Por otro lado, está claro que la poda no tiene que ser drástica o excesiva, pero su calidad debe evaluarse de acuerdo con el desarrollo de la planta. Por ejemplo, hay variedades que generalmente producen brotes particularmente largos en un número restringido de ramas, y en este caso la intervención es obligatoria; pero también hay variedades que crecen tupidas y bien cuidadas de forma natural, y en este caso no es necesaria la poda. Sin embargo, en el momento en que estamos a punto de intervenir, debemos recordar no podar nunca en una ramita ya crecida, sino siempre en correspondencia con una gema. De esta manera, de hecho, no hay riesgo de darle a la planta una forma descompuesta. La poda para la limpieza, por otro lado, se puede hacer en cualquier momento, y no hay contraindicaciones particulares: en resumen, en cualquier momento se puede eliminar una rama seca.

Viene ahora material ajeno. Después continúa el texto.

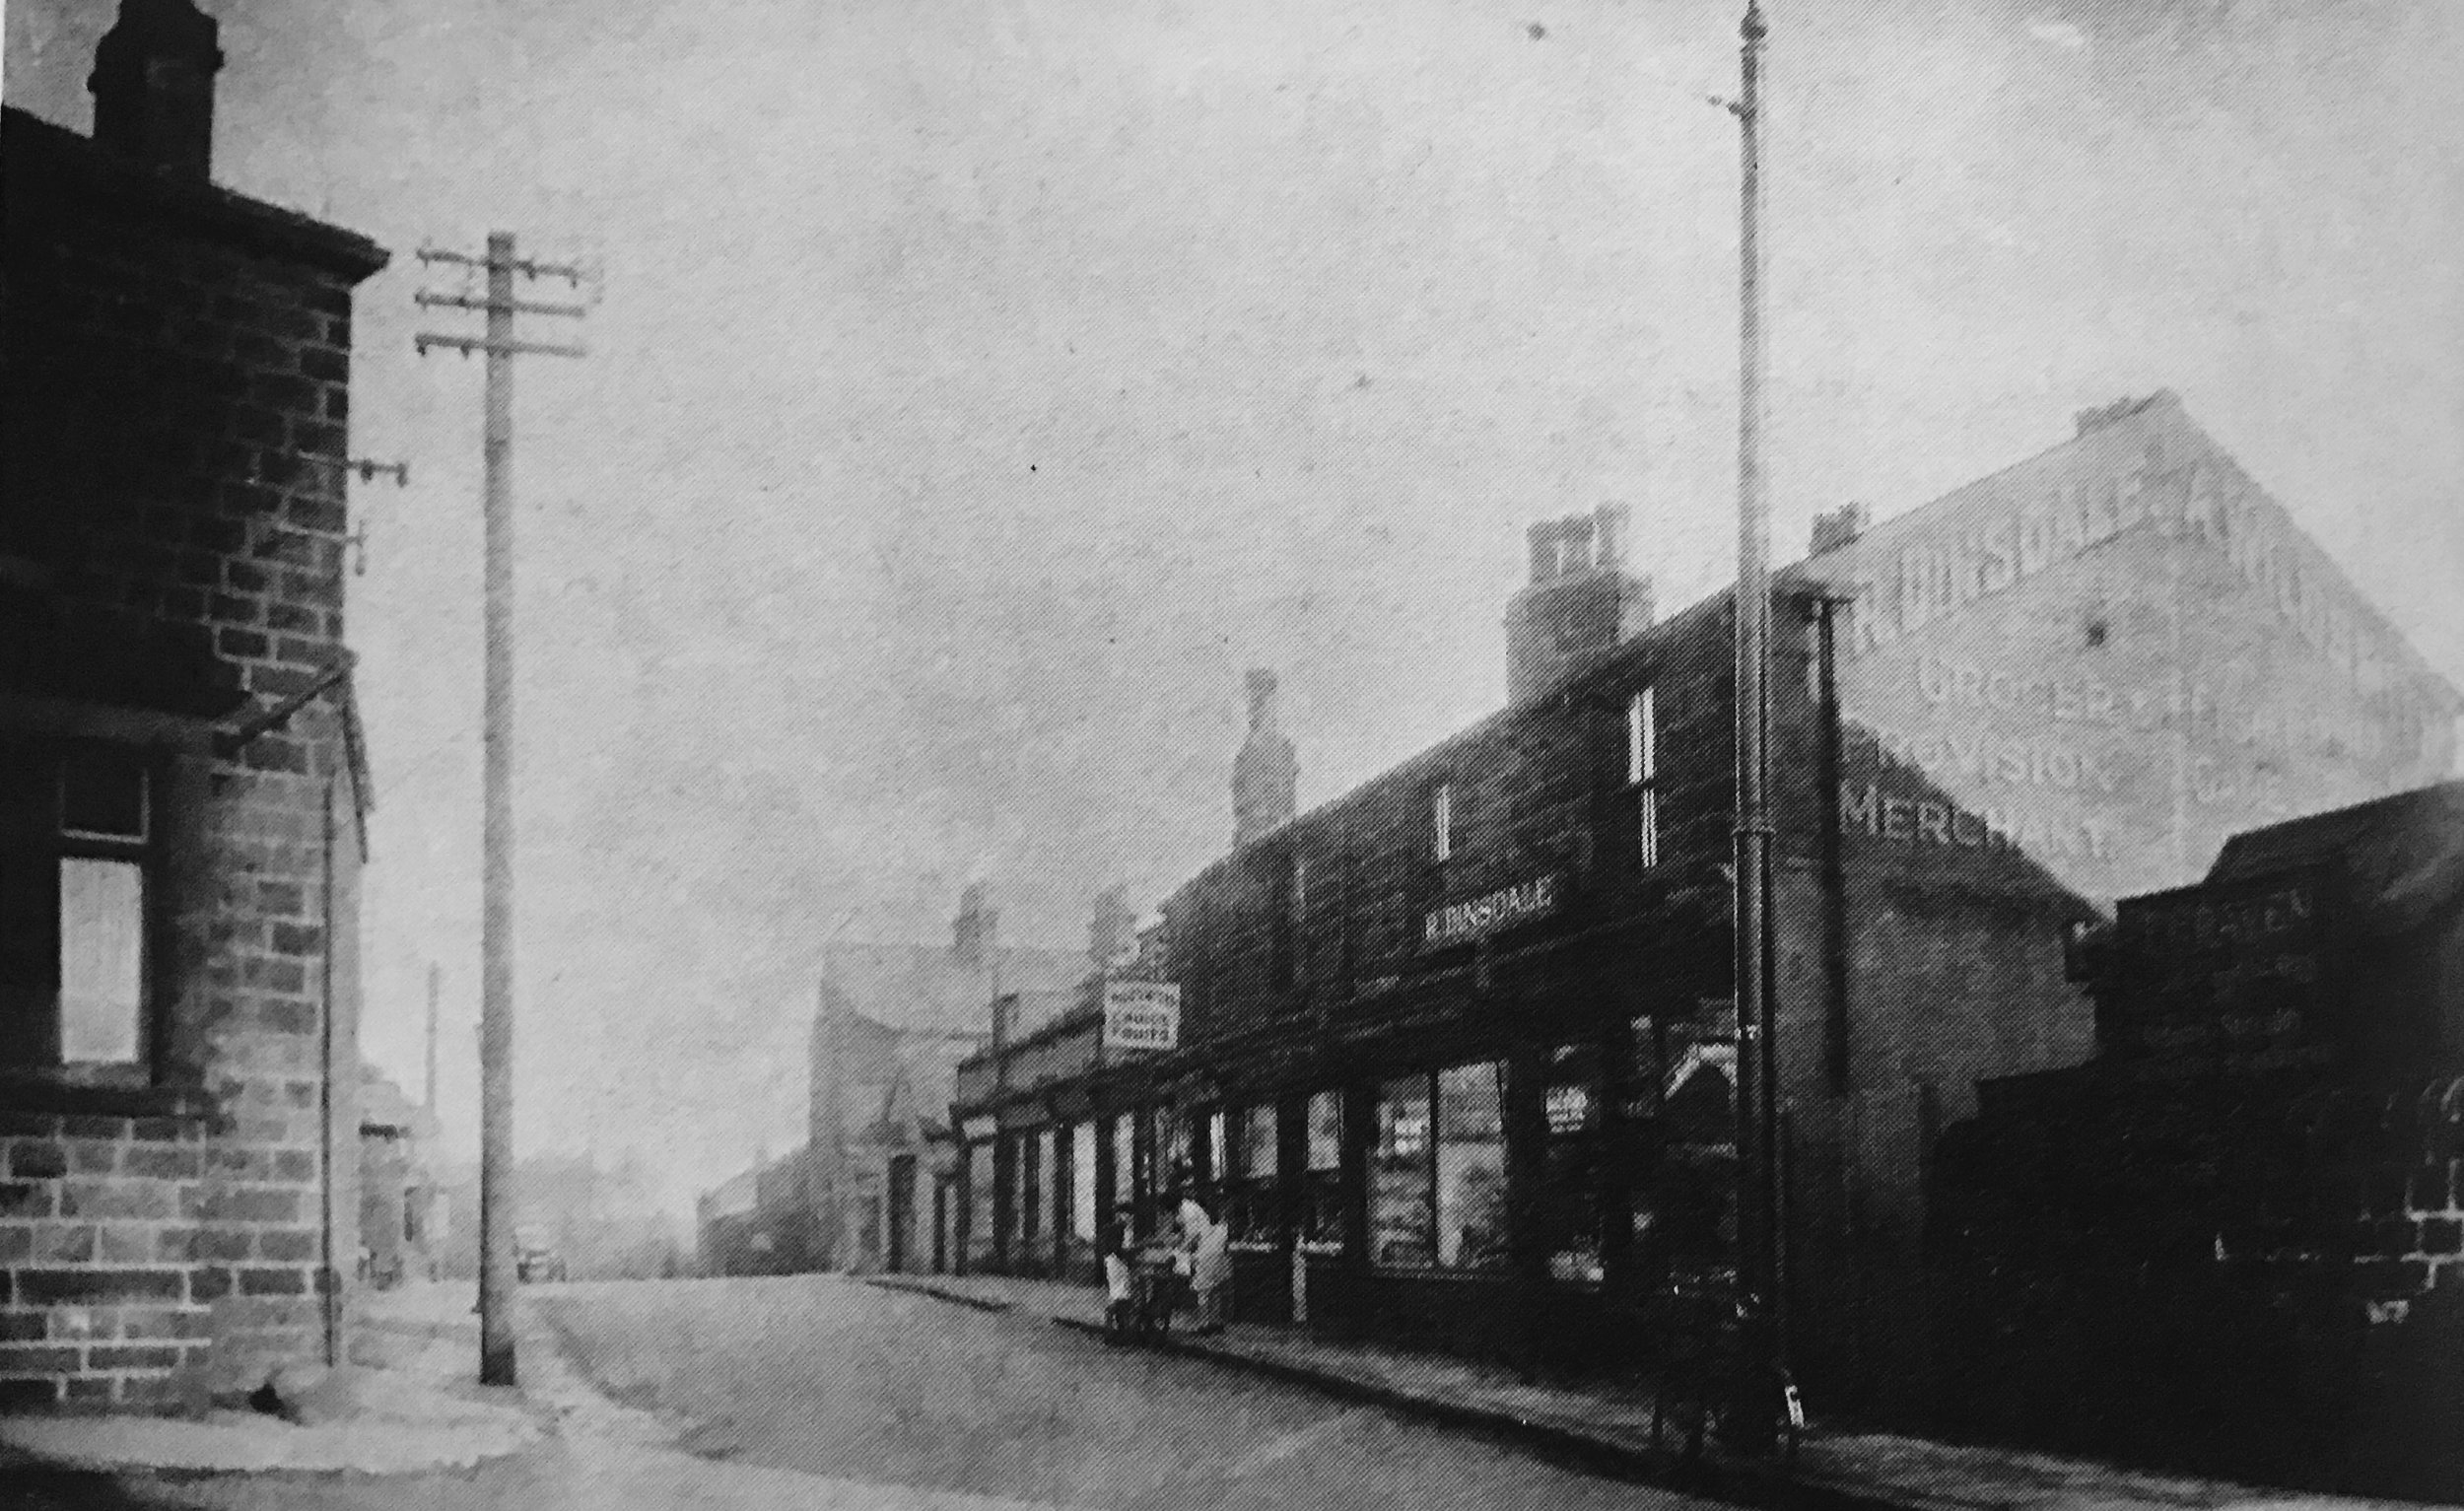 Weetwood Lane, circa 1920

Naturalmente, dicha operación debe completarse teniendo en cuenta también ciertos estándares estéticos: en resumen, se debe tener cuidado de no perforar demasiado la corona o arriesgarse a dañar el exterior de la planta.

Poda de camelia: cuidado con las plagas e insectos



La salud también juega un papel esencial, en el sentido de que una planta que es demasiado rica y densa corre el riesgo de atraer plagas e insectos considerablemente, sin mencionar que no permite que el aire y el sol entren como deberían. En conclusión, el objetivo de la poda de camelia es modificar la conformación de la planta para alargar el ciclo de producción y favorecer una producción de fruta mejor y más rápida. Desde un punto de vista estético, una planta podada es más elegante y proporcionada que una planta que no ha sido sometida a intervenciones, pero no debe olvidarse que un árbol con demasiadas ramas corre el riesgo de no permitir que las más internas obtengan la luz que necesitan: esto, debemos diluirlos. Finalmente, una producción de alta calidad solo es posible al alcanzar el equilibrio correcto entre la fase reproductiva y la fase vegetativa, pero sobre todo entre las raíces y el follaje.